The American Forest Foundation (AFF) has released a concept paper proposing a new approach to one of the most persistent challenges in nature-based climate action: permanence.
“A Trust for Permanence” lays out a novel financial mechanism designed to ensure the long-term durability of carbon credits generated by Natural Climate Solutions (NCS) – a critical ingredient in global climate mitigation.

What’s the Problem?
Ensuring that forest carbon stays locked away for centuries is hard. Most current approaches rely on buffer pools—static reserves of credits to offset possible future carbon reversals.
But as Lynn Riley, Lead Scientist at AFF, puts it:
We need to account for the risk inherent in working with nature—and manage long-term reversal liability in ways that adapt to changing conditions.
What’s New?
Instead of setting aside a fixed % of credits to offset future losses, AFF’s approach would:
- Monetize all credits upfront
- Invest proceeds in a managed trust fund
- Use funds to actively address reversals as they occur
- Blend tools like insurance, tech solutions & permanent storage
- Align price with meaningful climate durability
This approach shifts the focus from prediction to preparedness – using active capital management to support long-term durability. Rather than predicting how much climate benefit to set aside today, this approach asks how much financial capacity is needed to maintain climate integrity over time.
As Lynn Riley explains:
Rather than estimating how much to set aside now for centuries of risk, we build financial capacity today to flexibly manage it over time.
Why It Matters
- Creating a more bankable, finance-aligned permanence structure
- Strengthens confidence in NCS credits
- Addresses fund-based permanence solutions mentioned by ICVCM & Article 6
- Builds a bridge between nature-based credits and durable climate outcomes
- Reduces credit withholding while maintaining climate integrity
- Provides flexibility as climate and ecological conditions evolve
- Offers a path to scale while safeguarding climate outcomes
This could reshape how investors, project developers, and policymakers approach permanence – a key hurdle for trust and scalability in voluntary carbon markets.

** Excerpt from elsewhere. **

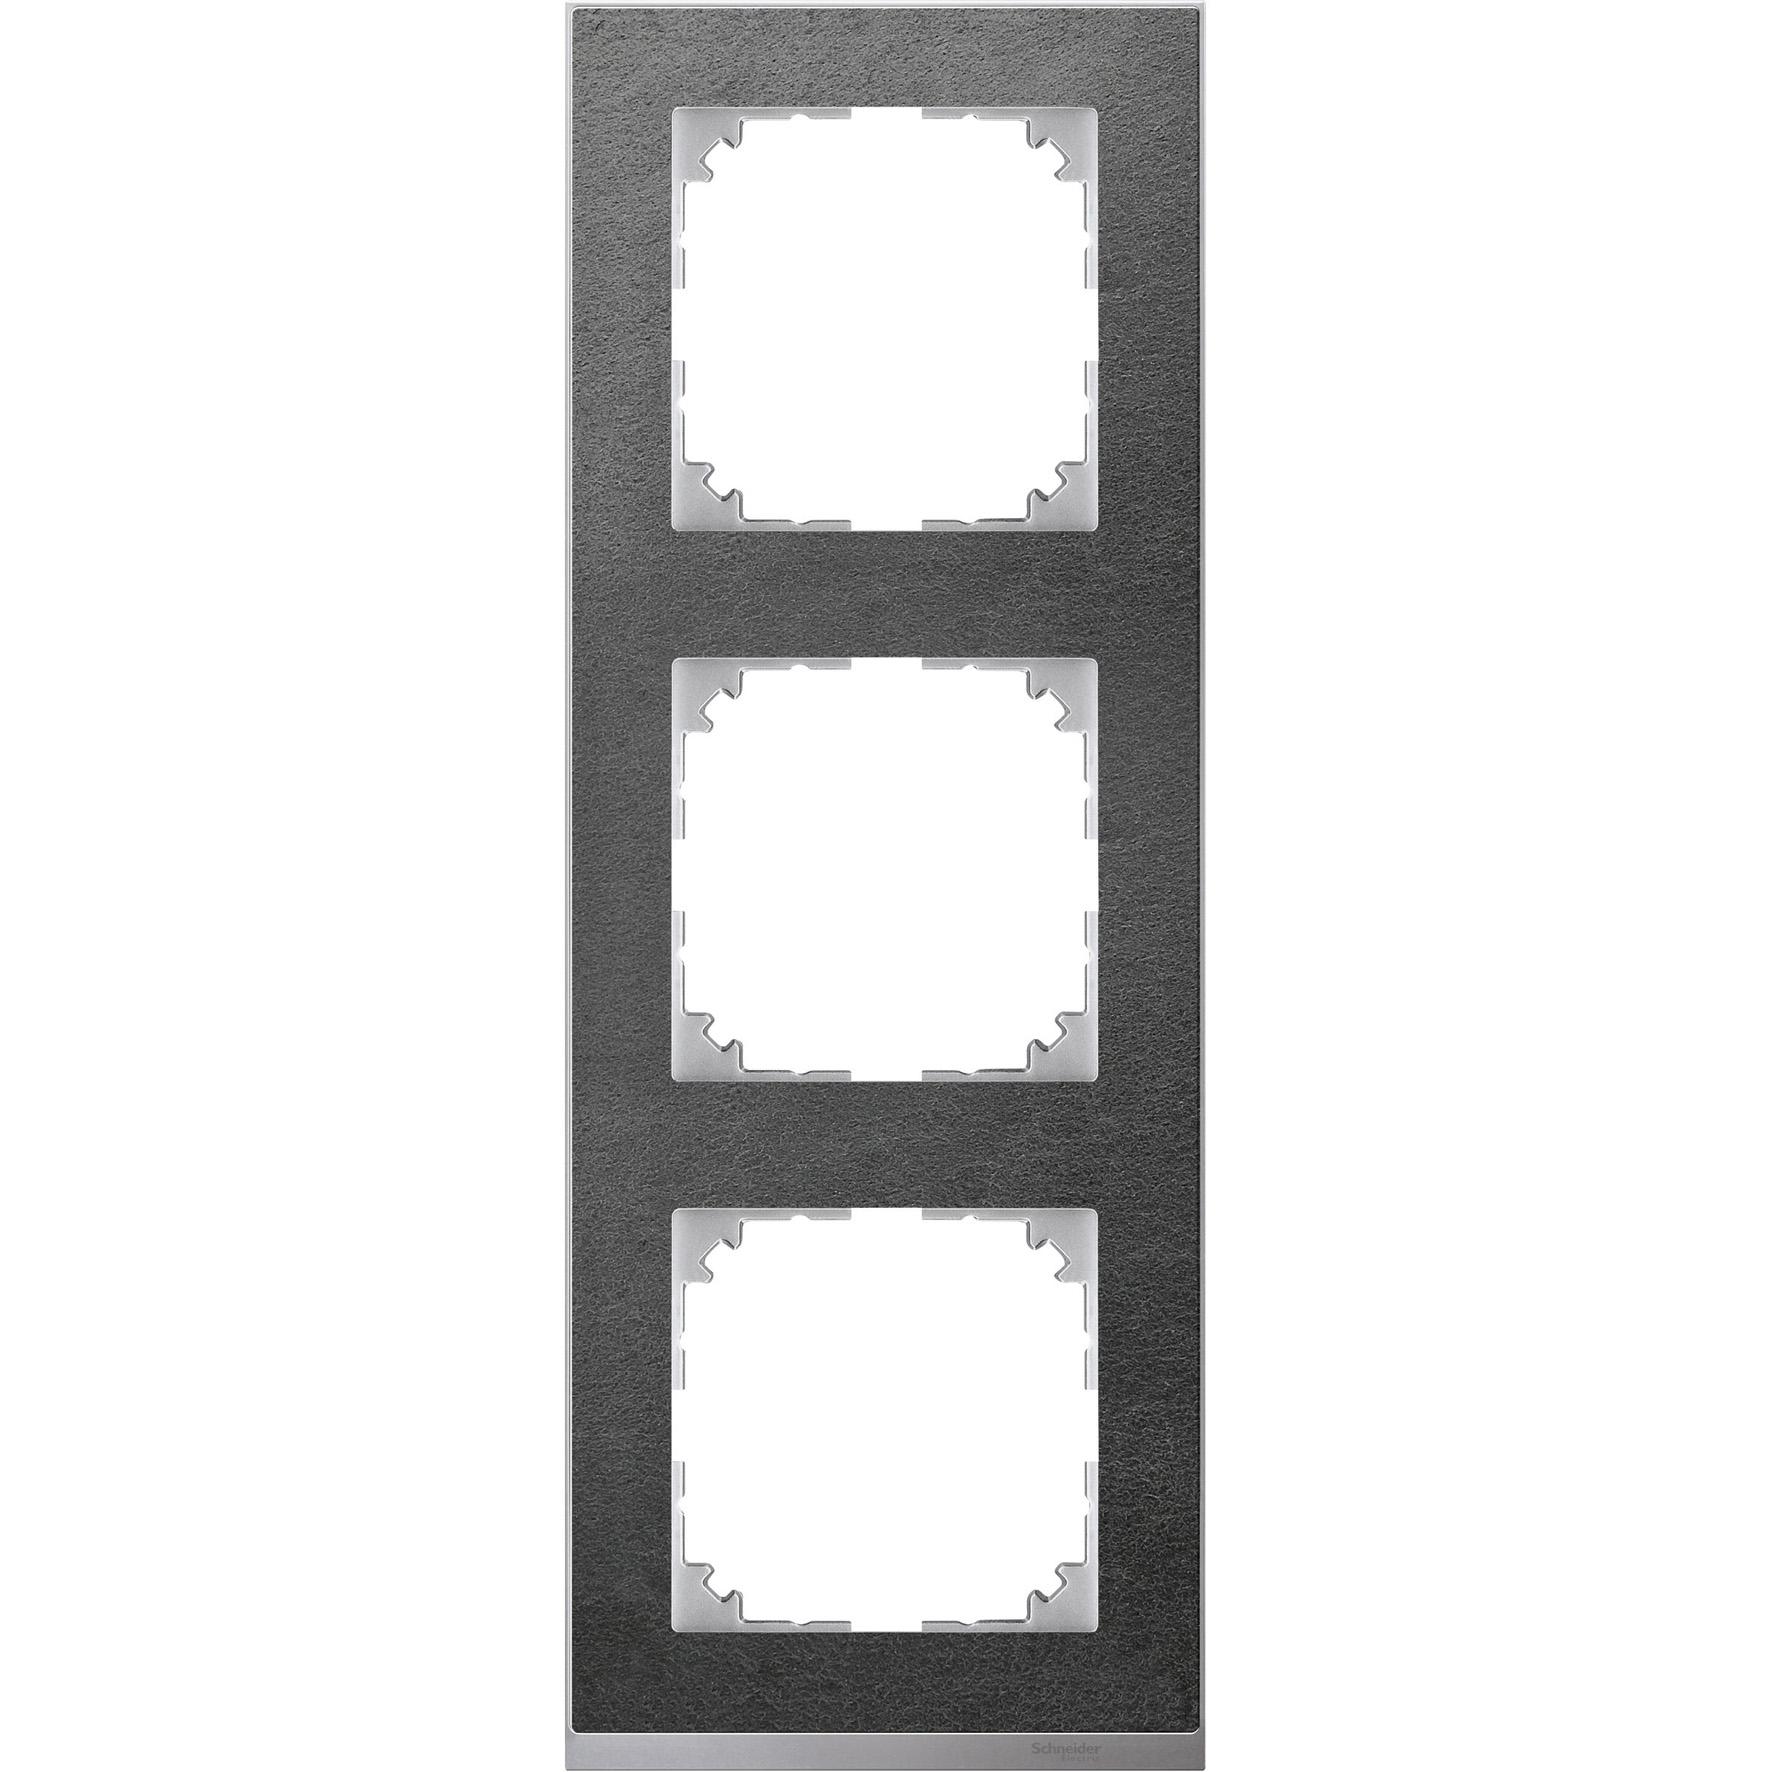 Schneider-Merten M-Pure Décor 3-voudig afdekraam - steen/aluminium (MTN4030-3669)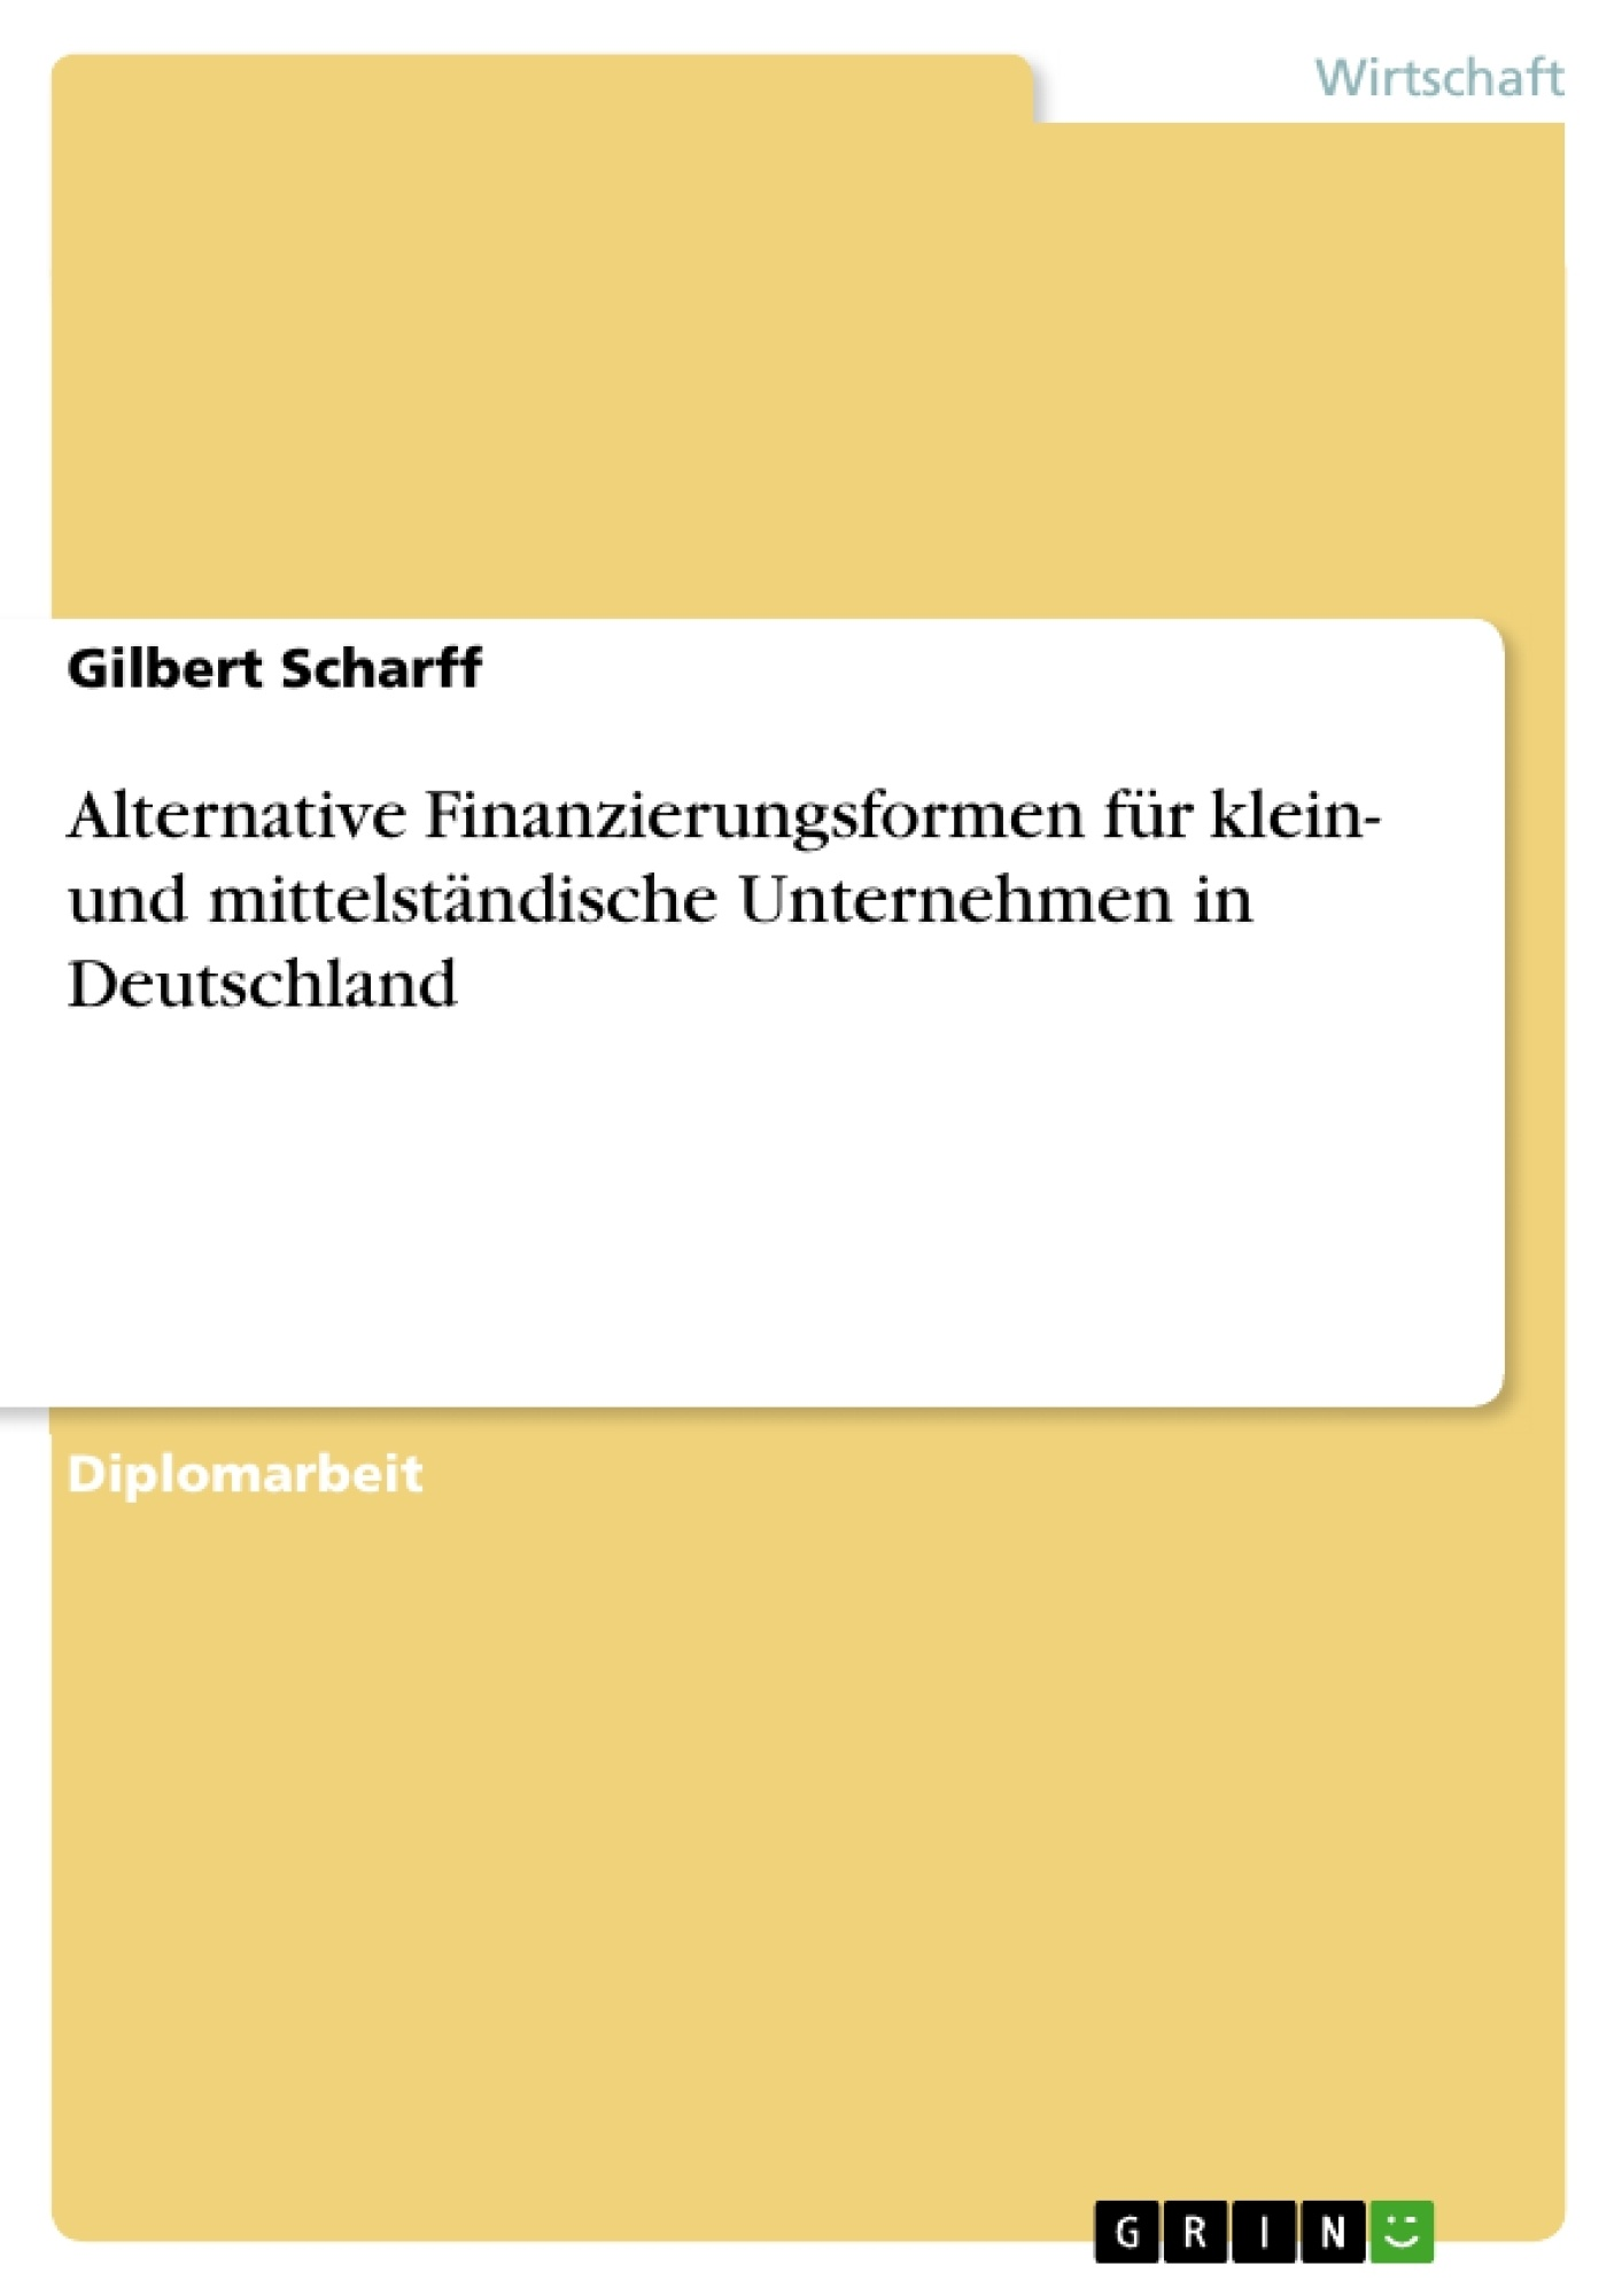 Titel: Alternative Finanzierungsformen für klein- und mittelständische Unternehmen in Deutschland

Read the concept paper via the American Forest Foundation
Authors are Nathan Truitt and Lynn Riley
About The American Forest Foundation
The American Forest Foundation is a national organization that empowers family forest owners to deliver meaningful conservation impact. The organization’s programs, the Family Forest Carbon Program and the American Tree Farm System, help landowners implement forest management practices to care for the health and productivity of their woodlands. To learn more about the American Forest Foundation and the Family Forest Carbon Program, visit www.forestfoundation.org.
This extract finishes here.